Go on. Where in Hertfordshire ??
I’ll get my coat.
Go on. Where in Hertfordshire ??
I’ll get my coat.
Oh … & those geese. They can break your arm y’know.
Seems I’m in a kingfisher hotspot - 2 fishing this afternoon When we first moved in we were surrounded by common gulls and their chicks. They were very aggressive.
Nah, that’s swans. AND they mug you for oatcakes and cruise around being menacing and white and really quite large. Well, I did upset this particular pair inadvertently, and they were barren, which left them with a lot of time to plot revenges and humiliation and swannery.
They didn’t break my arm. Just - nearly - my spirit. And et me out of oatcakes. And just - well, loomed. Loomed swanlily
“Well jel” as the kids say.
I was pretty chuffed having a Green Woodpecker in the garden last week but blimey. Kingfishers beat it.
I do miss my garden birds. I’d swap the kingfishers for all the little buggers demanding food any day. And a green woodpecker is something special
It was a first. Very welcome.
We are blessed by a huge variety of generally standard enough birds. Did you know that birds have specific feeding times. We get invaded 3 times a day.
Blue Tits, Coal Tits, Greenfinches, Chaffinches, Robins, Wrens, Sparrows, Blackcaps, Blackbirds, Thrushes, Woid Pigeons, Magpies all arrive daily. Jays now & then. A beautiful pair of Nuthatches last year but not yet this.

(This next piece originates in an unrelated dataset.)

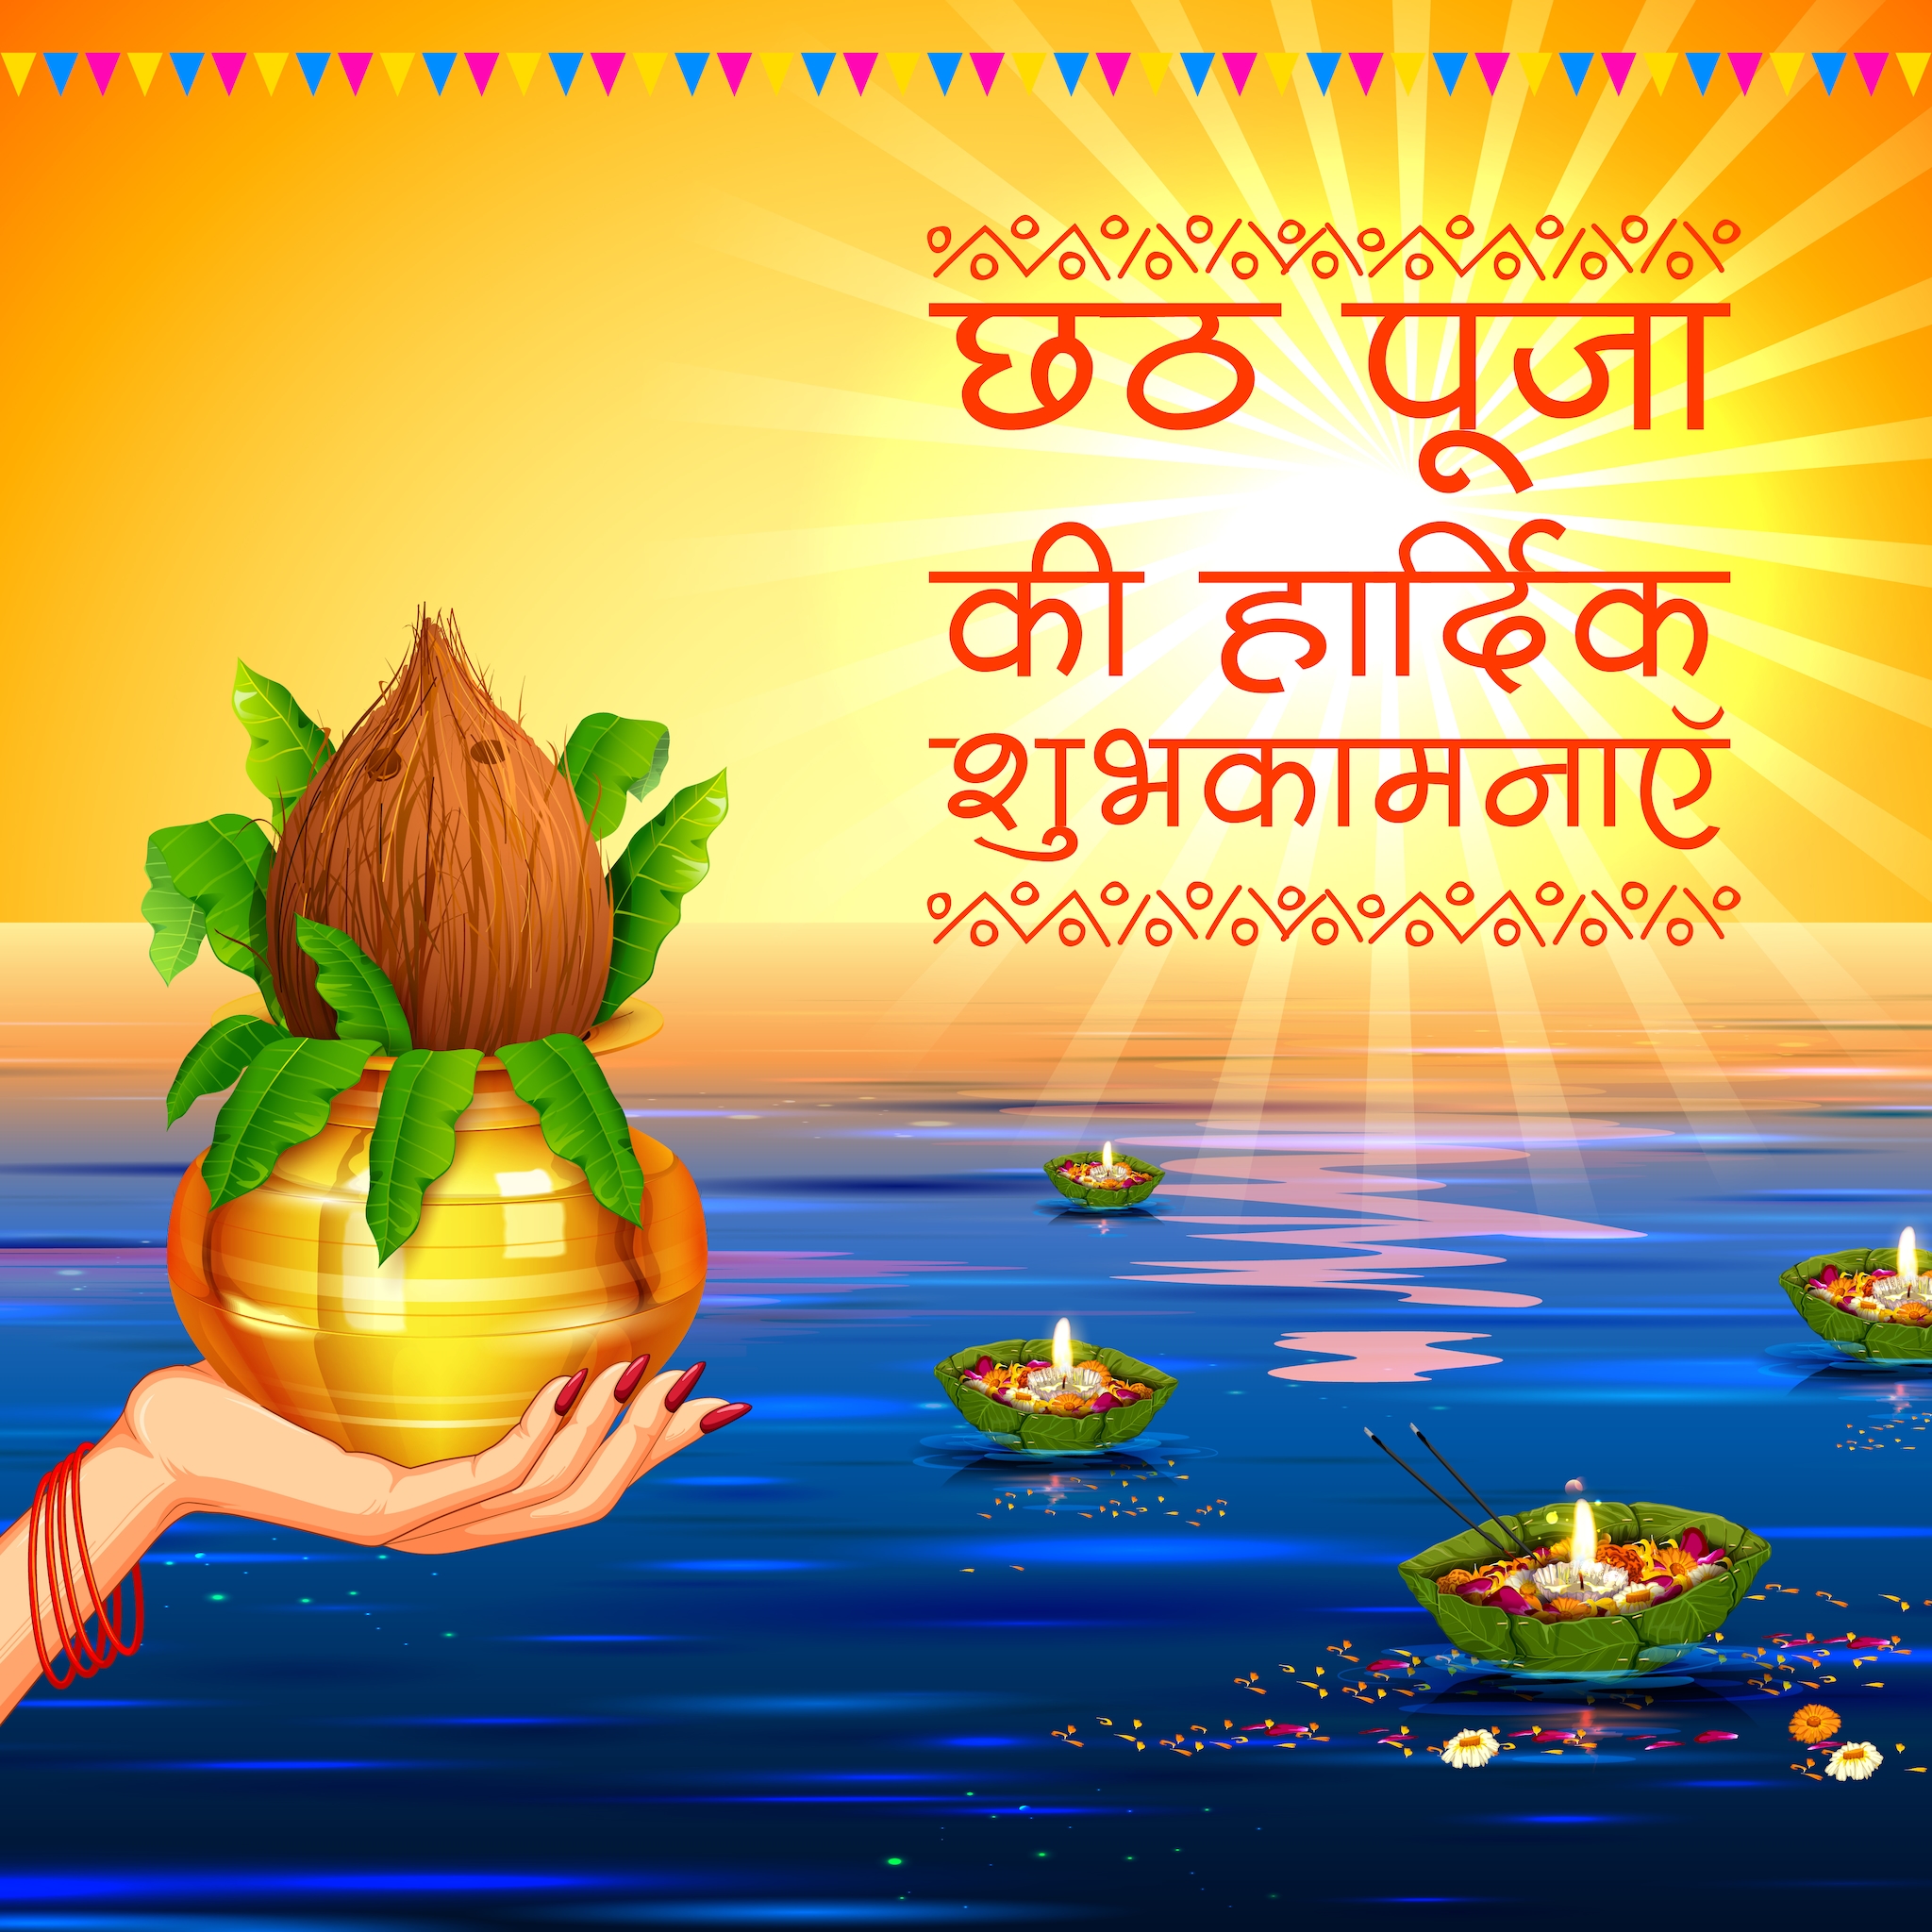 Happy Chhath Puja 2022: Wishes, Messages, Quotes, Greetings, SMS, WhatsApp and Facebook Status to share with your family and friends.  (Image: Shutterstock)

We had an invasion of Redpolls for 2 montbs a couple of years ago … bullies they are and the smaller birds took to the bottom of the garden. It’s taken a while to get them back to the top end.
Talking of bullies, we get the Sparrowhawk still. Usually only spotted by seeing feathers all over the garden but viewed now & again.
We get squirrels too. Bloody nuisances they are.
Last year badgers made a mess of the lawn as they burrowed about. One went for me one night as I took something down to the compost heap.
We hear foxes most nights. Never seen one so far.
Plus late night t’twit, t’woo’s are heard … did you know that noise takes 2 birds to make ?
I like my garden.
Blasted Foxes parade like ‘Head Sir Rag’ down my road in Chesterfield
Sigh
3 of my neighbours feed them…
Sigh & Spit
Carinthia.xx
Nature is certainly good for the soul. Disconnection from the world we live in is, I’m convinced, the cause of many of today’s problems.
Before we moved we had a double whammy with woodpeckers. A Great Spotted fed a fledgling at the feeding station outside the kitchen window and a Green Woodpecker introduced his fledgling to anthills in the lawn.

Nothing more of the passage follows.